From Publishers Weekly:

The Federal Trade Commission, supported by 17 state attorneys general, finally filed its long-awaited antitrust lawsuit against Amazon yesterday. In a 172-page complaint, the government alleged that the e-tailer “uses a set of interlocking anticompetitive and unfair strategies to illegally maintain its monopoly power.” The use of that power, the government continued, allows Amazon “to stop rivals and sellers from lowering prices, degrade quality for shoppers, overcharge sellers, stifle innovation, and prevent rivals from fairly competing against Amazon.”

The immediate industry reaction to the news of the suit was uniform: “What took so long?” Or, in the words of Melville House publisher Dennis Johnson, that it was “about ******** time.” An industry lawyer, who wished to remain anonymous, gave a more nuanced view in wondering why it took the government so long to act, pointing to the infamous buy button case in 2010, when Amazon pulled Macmillan’s buy buttons in a dispute over e-book terms.

Even with Amazon’s dominant position over the sale of e-books and print books, the suit doesn’t mention books, which, of course, were Amazon’s first line of business. The suit does, however, highlight Amazon’s hold over the companies who use its online marketplace to sell a range of products, including books, to consumers.

Jed Lyons, CEO of Rowman & Littlefield, was skeptical about how the case will play out, pointing to the government’s “sketchy” track record in lawsuits against major corporations. But even though the FTC lawsuit is more about third party sellers, Lyons said, if “it shuts down unauthorized sellers of new books, which we know are not new books, then that will be a win for book publishers.”
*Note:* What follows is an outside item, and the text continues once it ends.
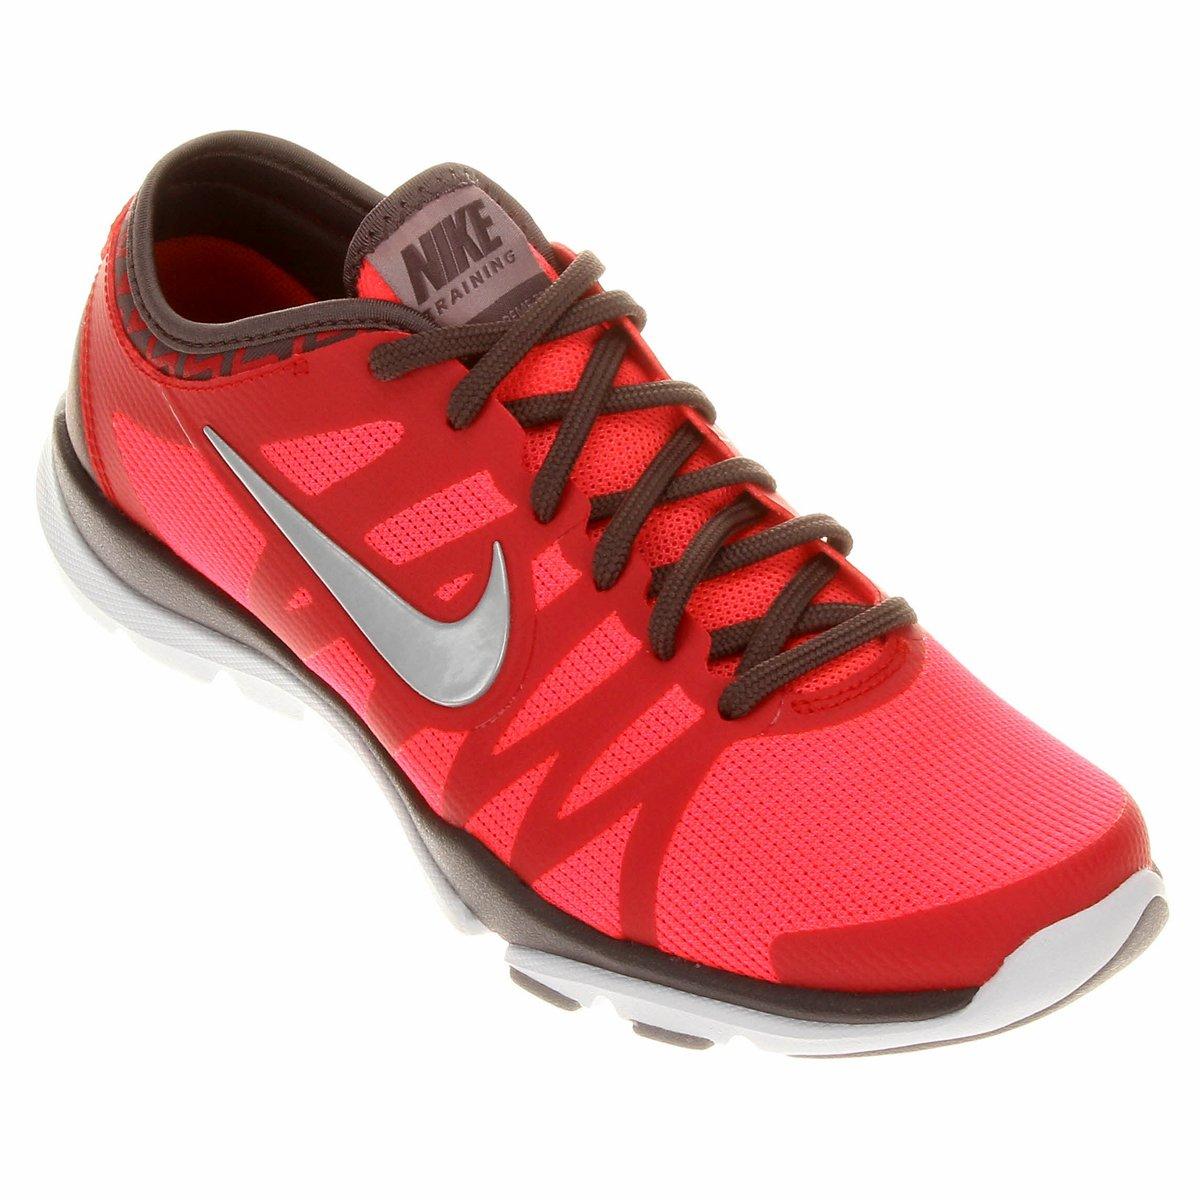 new concept d4885 be736 Tênis Nike Flex Supreme TR 3 Feminino - Compre Agora  Loja d

Independent booksellers, which were the first physical retailers impacted by Amazon and the steep discounting on books it employed to attract customers, praised the FTC’s long-awaited action. The lawsuit, said ABA CEO Allison Hill, “is good news for indie bookstores and good news for all small business. ABA applauds the FTC and states’ effort to release Amazon’s stranglehold, and we look forward to the transparency this lawsuit will provide into Amazon’s business practices.”

. . . .

Other industry groups, including the AAP and Authors Guild, have also long advocated that the government investigate many of Amazon’s practices.

No bookseller has been more active in attacking Amazon’s book practices than Danny Caine, owner of the Raven Book Store in Lawrence, Kans., and author of How to Resist Amazon and Why. Caine acknowledged that, “while the suit doesn’t go after Amazon’s book business in particular, it can still do a lot to level the playing field. For one thing, it can prove that Amazon is acting illegally or anti-competitively via tactics like preferencing its own products, placing unfair pressure on sellers who list their products for lower prices elsewhere, and forcing sellers and customers onto their Prime platform.”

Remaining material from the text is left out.